Question

1. nora and so - hee each solve the equation 2(6 - 4x)=-2x - 2 in different ways.

noras work
2(6 - 4x)=-2x - 2
2(6)-4x=-2x - 2
12 - 4x=-2x - 2
12 - 4x + 4x=-2x + 4x - 2
12 = 2x - 2
12 + 2 = 2x - 2 + 2
14 = 2x
1/2(14)=1/2(2x)
7 = x
the solution is 7.
so - hees work
2(6 - 4x)=-2x - 2
1/2(2(6 - 4x))=1/2(-2x - 2)
6 - 4x=-x - 1
6 - 4x + x=-x + x - 1
6 - 3x=-1
6+( - 6)-3x=-1+( - 6)
-3x=-7
-1/3(-3x)=-1/3(-7)
x = 7/3
the solution is 7/3.
a. which students solution shows a correct method for solving the equation?
b. in the incorrect solution, circle the step that first shows an error.
c. explain why the step you circled is incorrect.

Explanation:

Step1: Analyze Nora's work

Nora made an error in the second - step. When using the distributive property $a(b - c)=ab - ac$, for $2(6 - 4x)$, it should be $2\times6-2\times4x = 12-8x$, not $2(6)-4x$.

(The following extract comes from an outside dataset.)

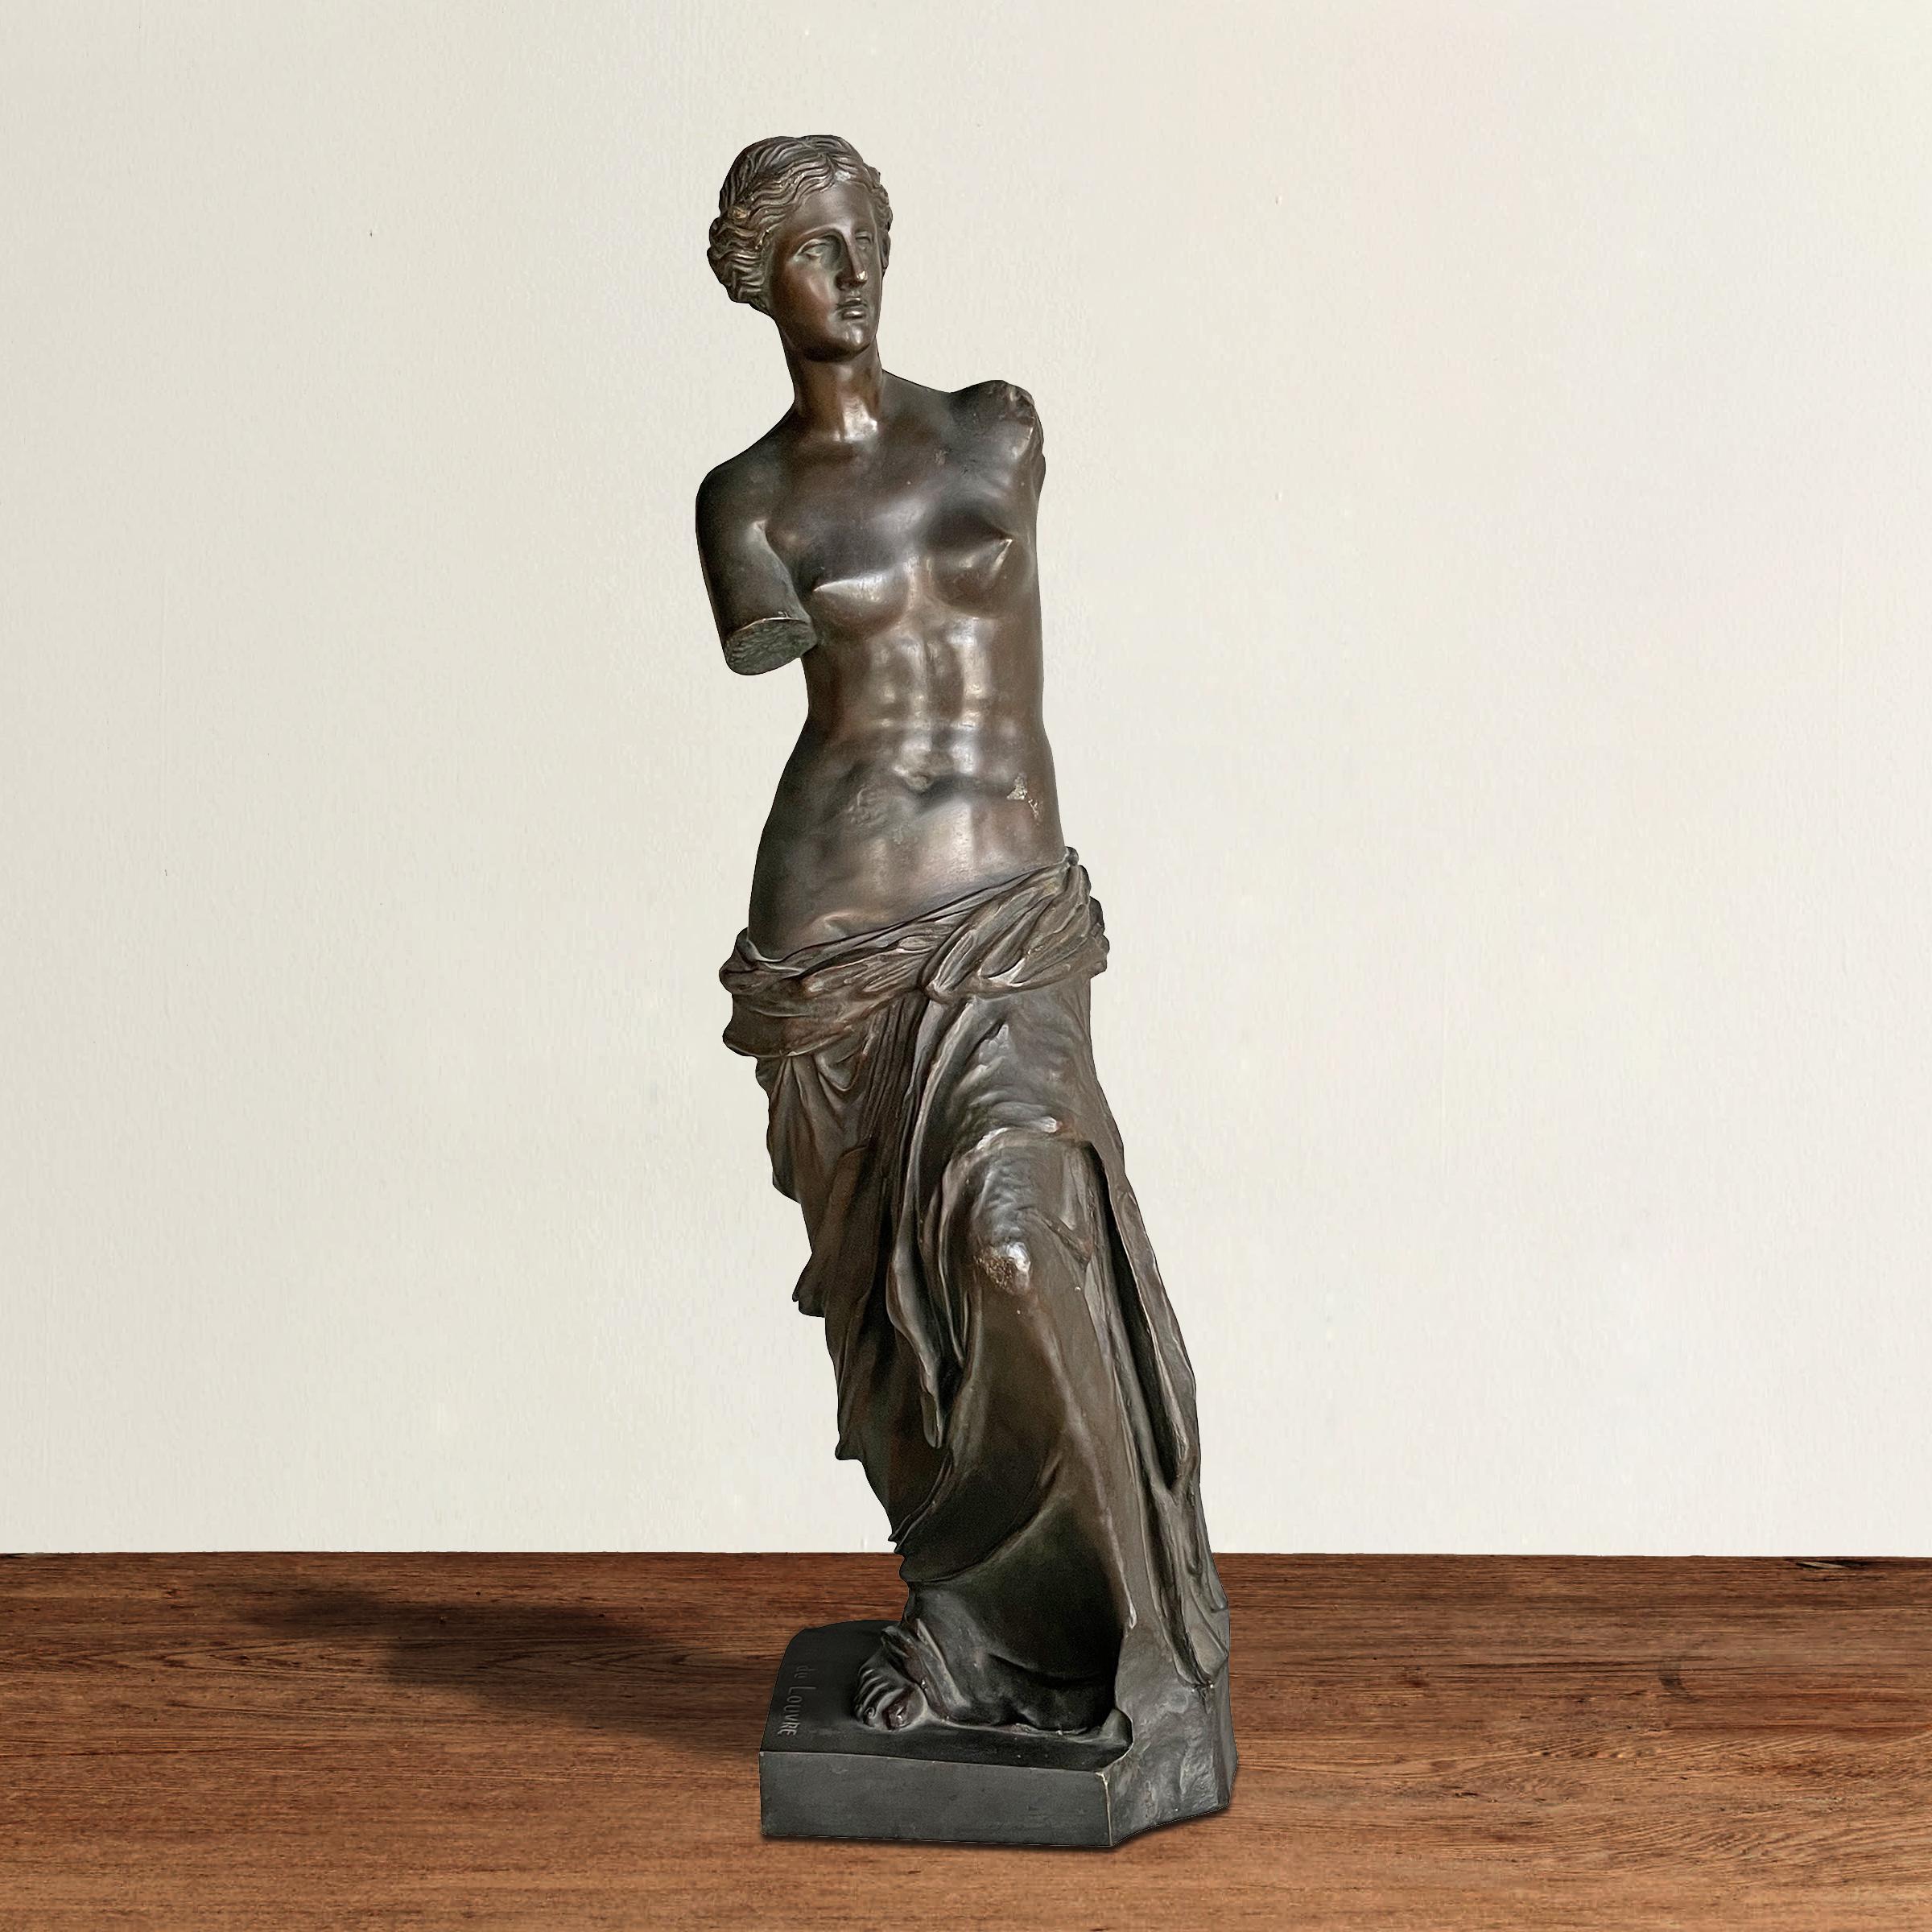 A striking and alluring 19th century French Grand Tour cast bronze sculpture depicting the Ancient Greek goddess Aphrodite, and named for her Roman counterpart, Venus. The original was discovered in 1820 on the island of Milos, hence the name Venus

Step2: Analyze So - hee's work

So - hee correctly applied the distributive property and the properties of equality (addition, subtraction, multiplication, and division) to solve the equation. She first multiplied both sides of the equation by $\frac{1}{2}$, then added $x$ to both sides, and then subtracted 6 from both sides, and finally divided both sides by - 3 to get the correct solution.

Answer:

a. So - hee's solution shows a correct method for solving the equation.
b. In Nora's solution, the step $2(6)-4x=-2x - 2$ is the first step that shows an error.
c. The error is that when applying the distributive property $a(b - c)=ab - ac$ to $2(6 - 4x)$, Nora did not multiply 4x by 2. It should be $2\times6-2\times4x=12 - 8x$, not $12-4x$.